Rose City Reader hosts Book Beginnings on Friday.  As she says, the idea is to post the first sentence (or so) of the book you're currently reading, along with any first impressions or thoughts you have about the book, the author, etc.  It's a wonderful way of adding new books to your must-read list, and a chance to connect with other readers and bloggers.

Friday, March 02, 2018

Book Beginnings: Coffin, Scarcely Used


Coffin, Scarcely Used, by Colin Watson (first published 1958). First book in Watson's series of Flaxborough mysteries. This is the first paragraph of Chapter One:
Considering that Mr Harold Carobleat had been in his time a town councillor of Flaxborough, a justice of the peace, a committeeman of the Unionist Club, and, reputedly, the owner of the town's first television aerial, his funeral was an uninspiring affair.
About the Book:
In the respectable seaside town of Flaxborough, the equally respectable councillor Harold Carobleat is laid to rest. Cause of death: pneumonia.  
But he is scarcely cold in his coffin before Detective Inspector Purbright, affable and annoyingly polite, must turn out again to examine the death of Carobleat’s neighbour, Marcus Gwill, former prop. of the local rag, the Citizen. This time it looks like foul play, unless a surfeit of marshmallows had led the late and rather unlamented Mr Gwill to commit suicide by electrocution. (‘Power without responsibility’, murmurs Purbright.)  
How were the dead men connected, both to each other and to a small but select band of other town worthies? Purbright becomes intrigued by a stream of advertisements Gwill was putting in the Citizen, for some very oddly named antique items… (--NetGalley)
Initial Thoughts:

Well, I think a funeral (even an uninspiring one) is a fine way to start a mystery novel, so I'm immediately intrigued. This is my introduction to Watson's series of Flaxborough novels featuring Inspector Purbright. It's sort of unusual for me to start at the beginning -- I usually jump in about midway through a series. I'm halfway through this first book, and I think I'm hooked. Purbright is a wonderful creation.

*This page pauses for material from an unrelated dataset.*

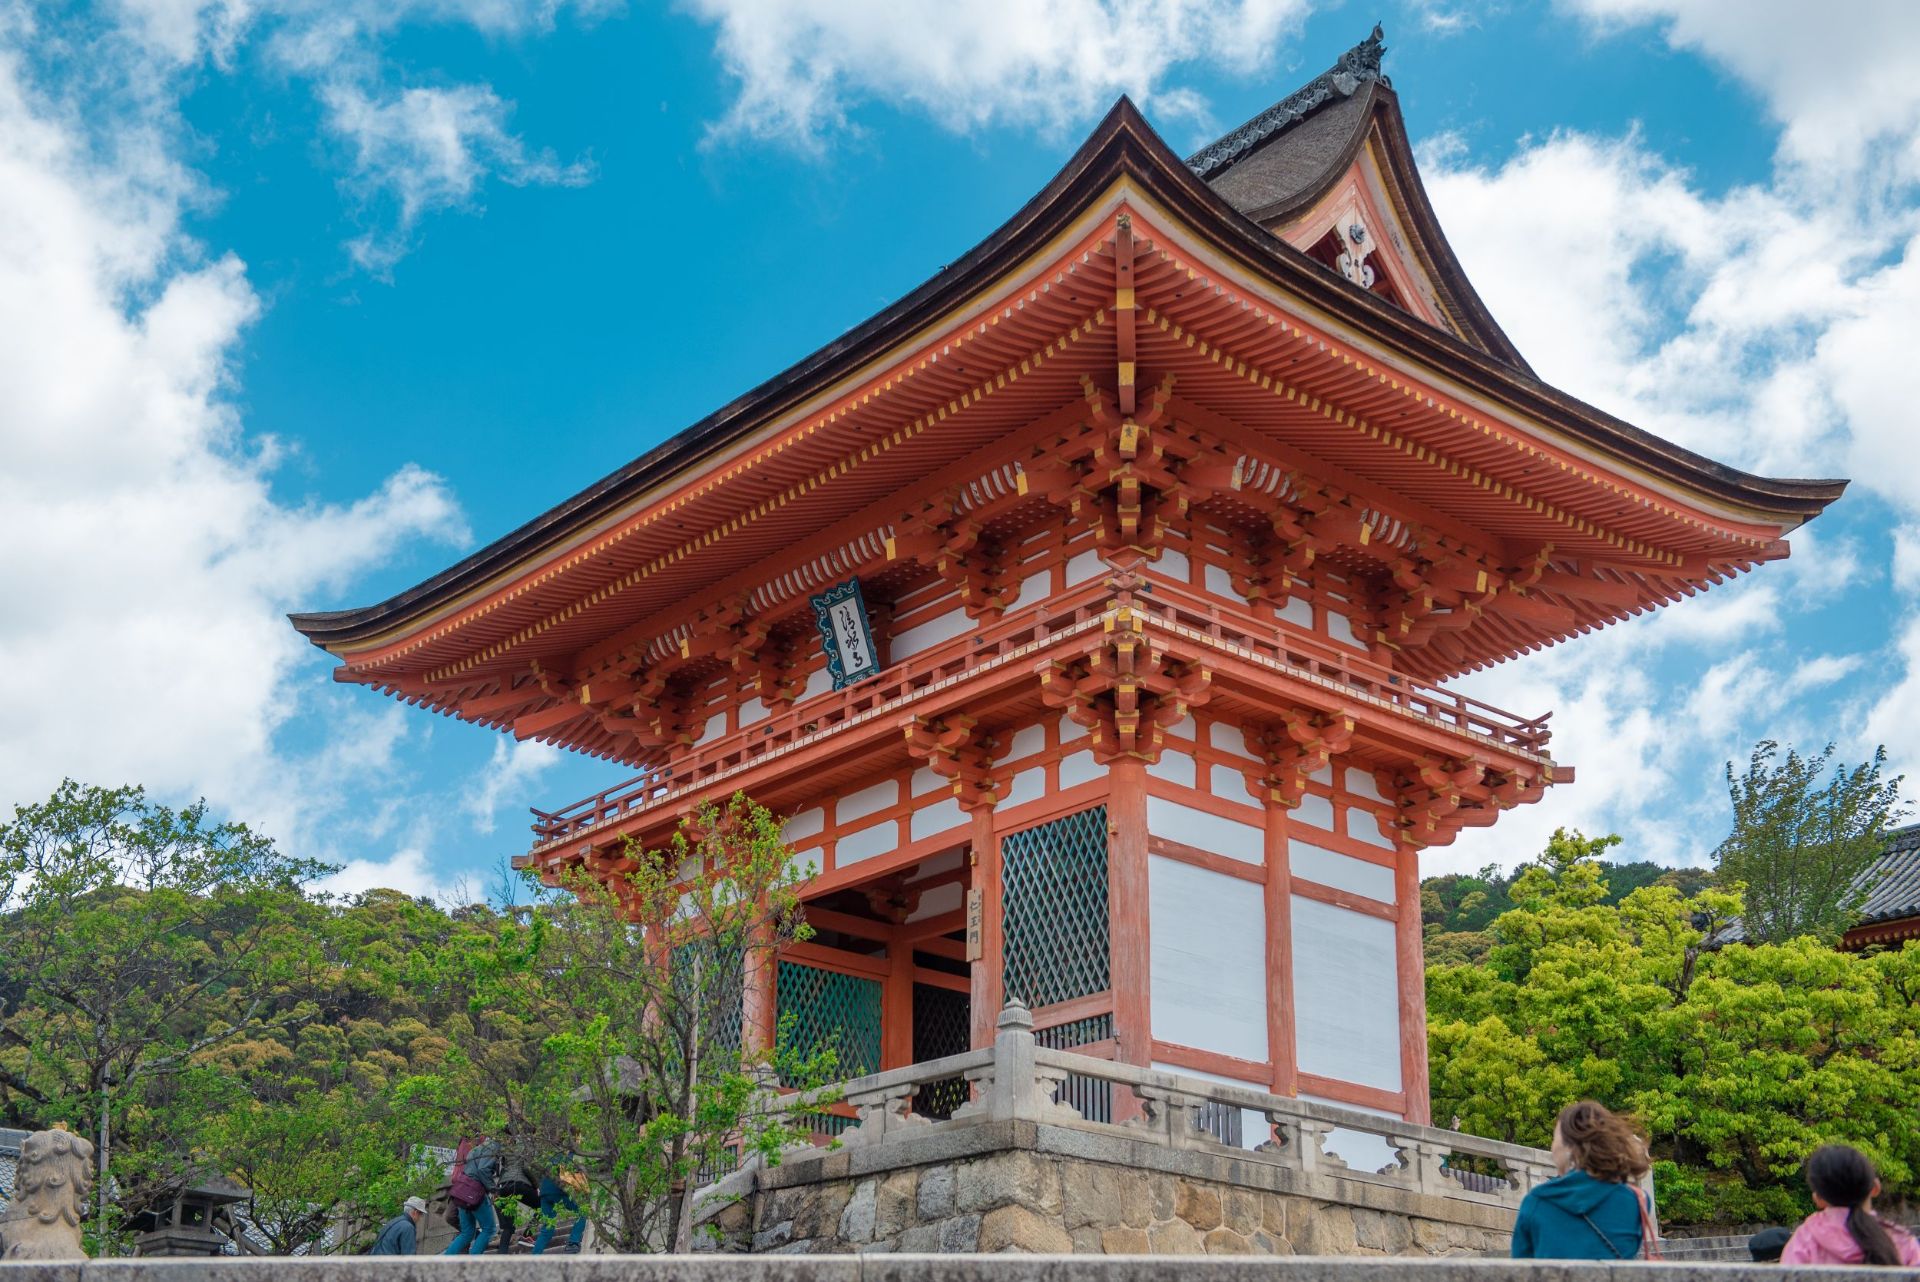 清水寺 位于 京都 音羽山，是京都最古老的寺庙，早早被列入了文化遗产名录。 地主神社 位于清水寺庙内

So, what do you think? Does this sound like something you'd keep reading? Or maybe you've already discovered Flaxborough and Purbright and all those quirky characters?




Rose City Reader hosts Book Beginnings on Friday.  As she says, the idea is to post the first sentence (or so) of the book you're currently reading, along with any first impressions or thoughts you have about the book, the author, etc.  It's a wonderful way of adding new books to your must-read list, and a chance to connect with other readers and bloggers.